Provides low-level OS abstractions to manage Python script execution in multi-user or shared environments. It ensures system stability and safe resource usage by offering:

  • Exclusive filesystem locking (flock) to prevent concurrent runs and protect against disk or GPU/MPS conflicts.
  • Duplicate process detection and optional termination to free resources and avoid interference.

These utilities ensure each run is isolated, reproducible, and safe even on clusters or shared systems.

DuplicateProcessCleaner(script_name=None)
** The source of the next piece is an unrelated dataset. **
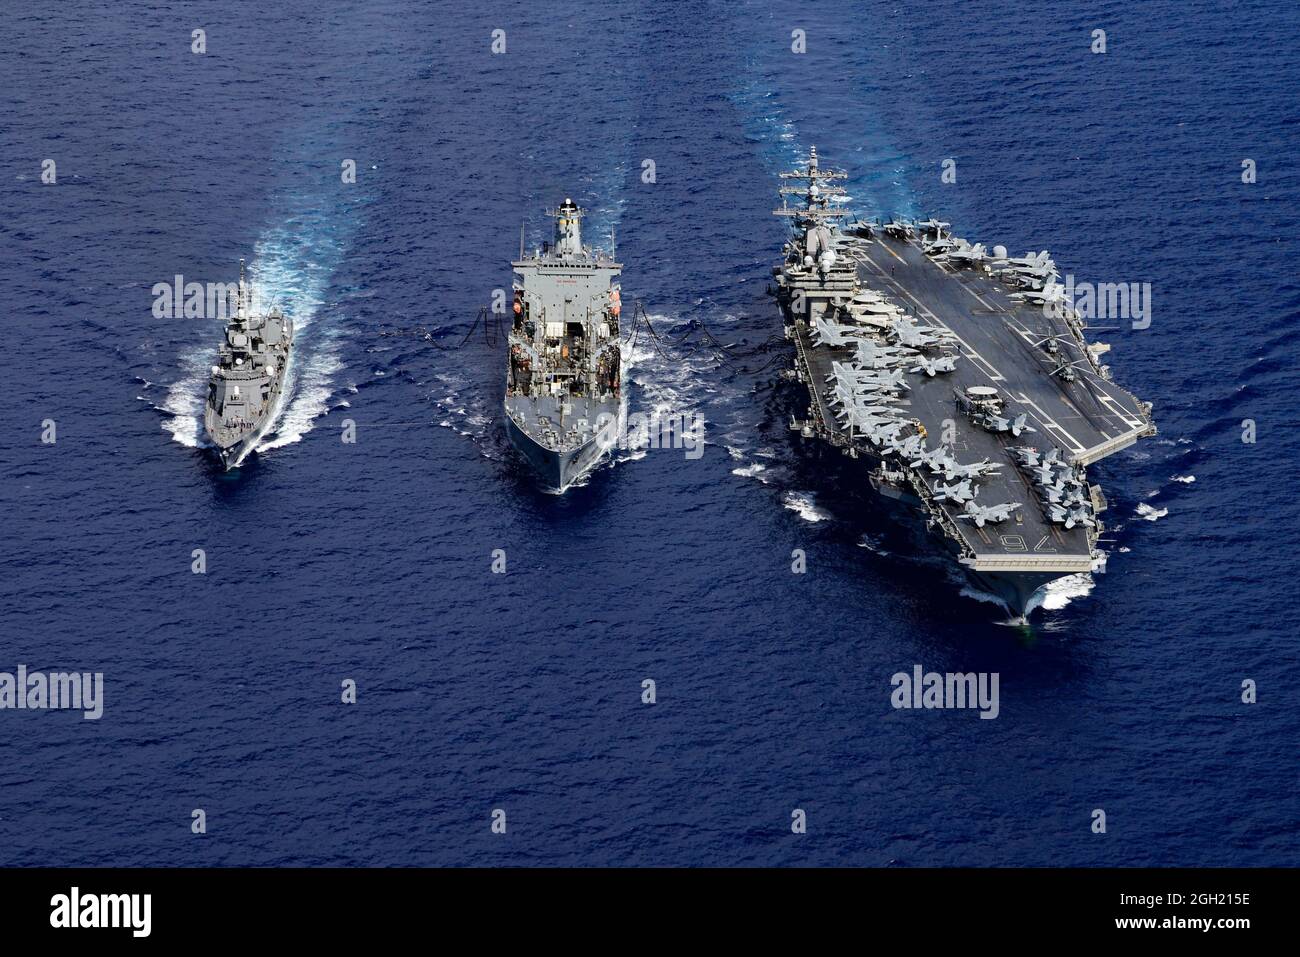 PHILIPPINISCHES MEER (Aug 16, 2020) der japanische Maritime Self-Defense Force Murashame-Klasse Zerstörer Ikazuchi (JS 107), links, die Flotte Nachschub Öler U Stockfoto
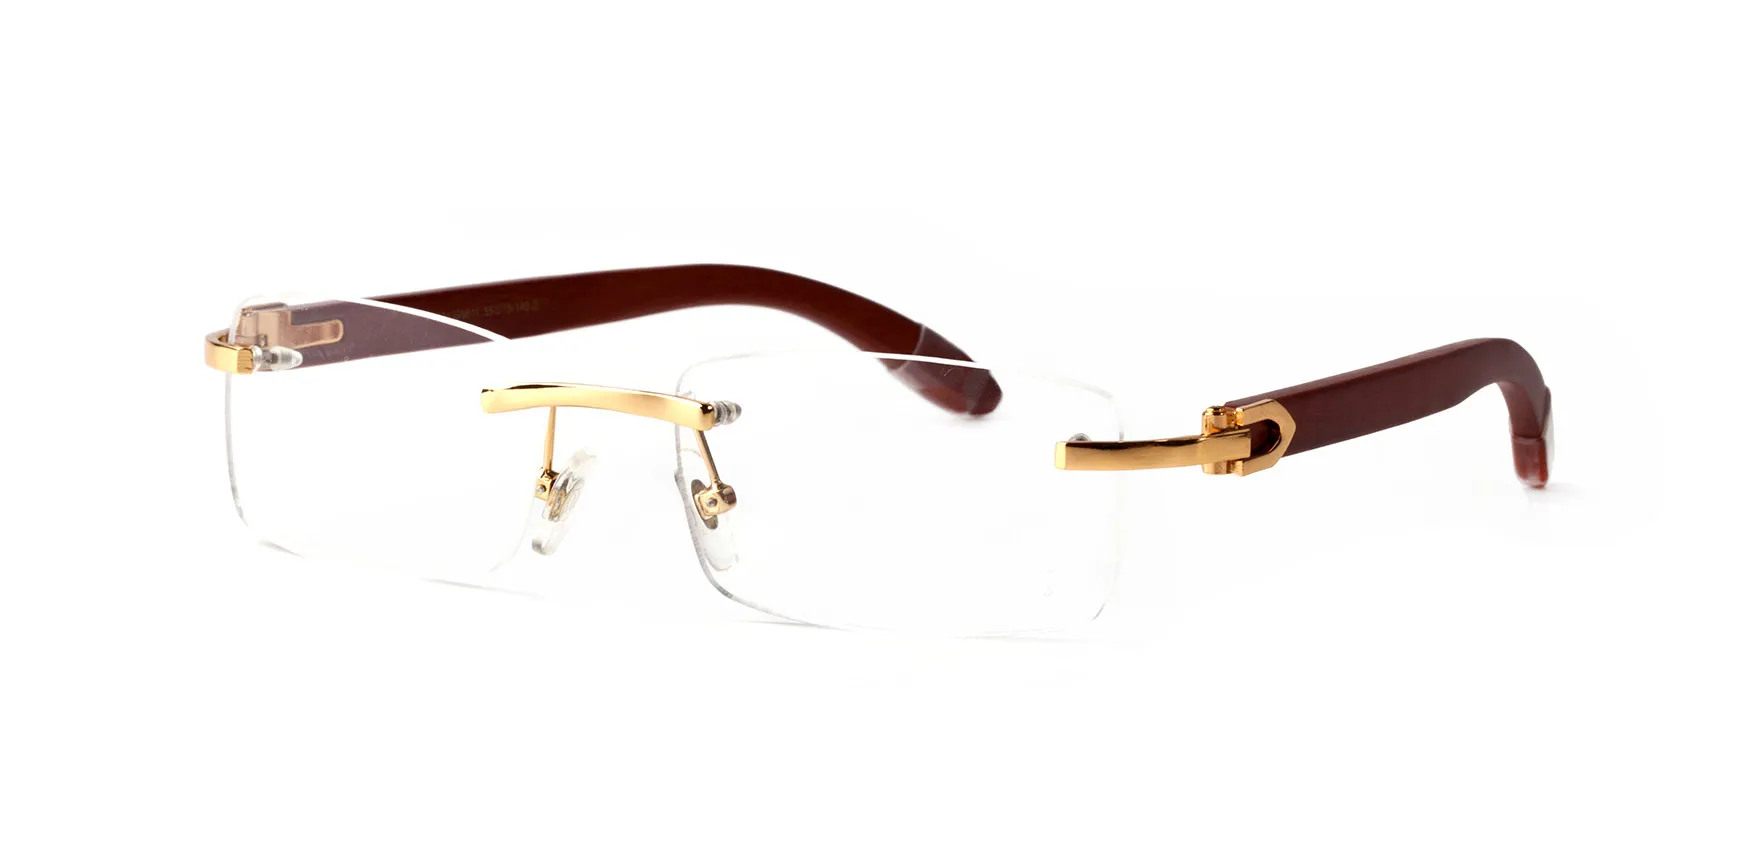 Nouveaux lunettes de soleil Buffalo Horn Sport Fashion Sun Gerres pour hommes Femmes Rimless Rectangle Bamboo Wood Eyeglass WEEWEAR avec boîtes CA321A

Scans and optionally terminates duplicate instances of the current script.

Attributes:

Name Type Description
script_path str

Absolute path of the script to match against running processes.

current_pid int

PID of the current process.

Source code in orchard/core/environment/guards.py
def __init__(self, script_name: str | None = None) -> None:
    self.script_path = str(Path(script_name or sys.argv[0]).resolve())
    self.current_pid = os.getpid()

detect_duplicates()

Detects other Python processes running the same script.

Returns:

Type Description
list[Process]

list of psutil.Process instances representing duplicates.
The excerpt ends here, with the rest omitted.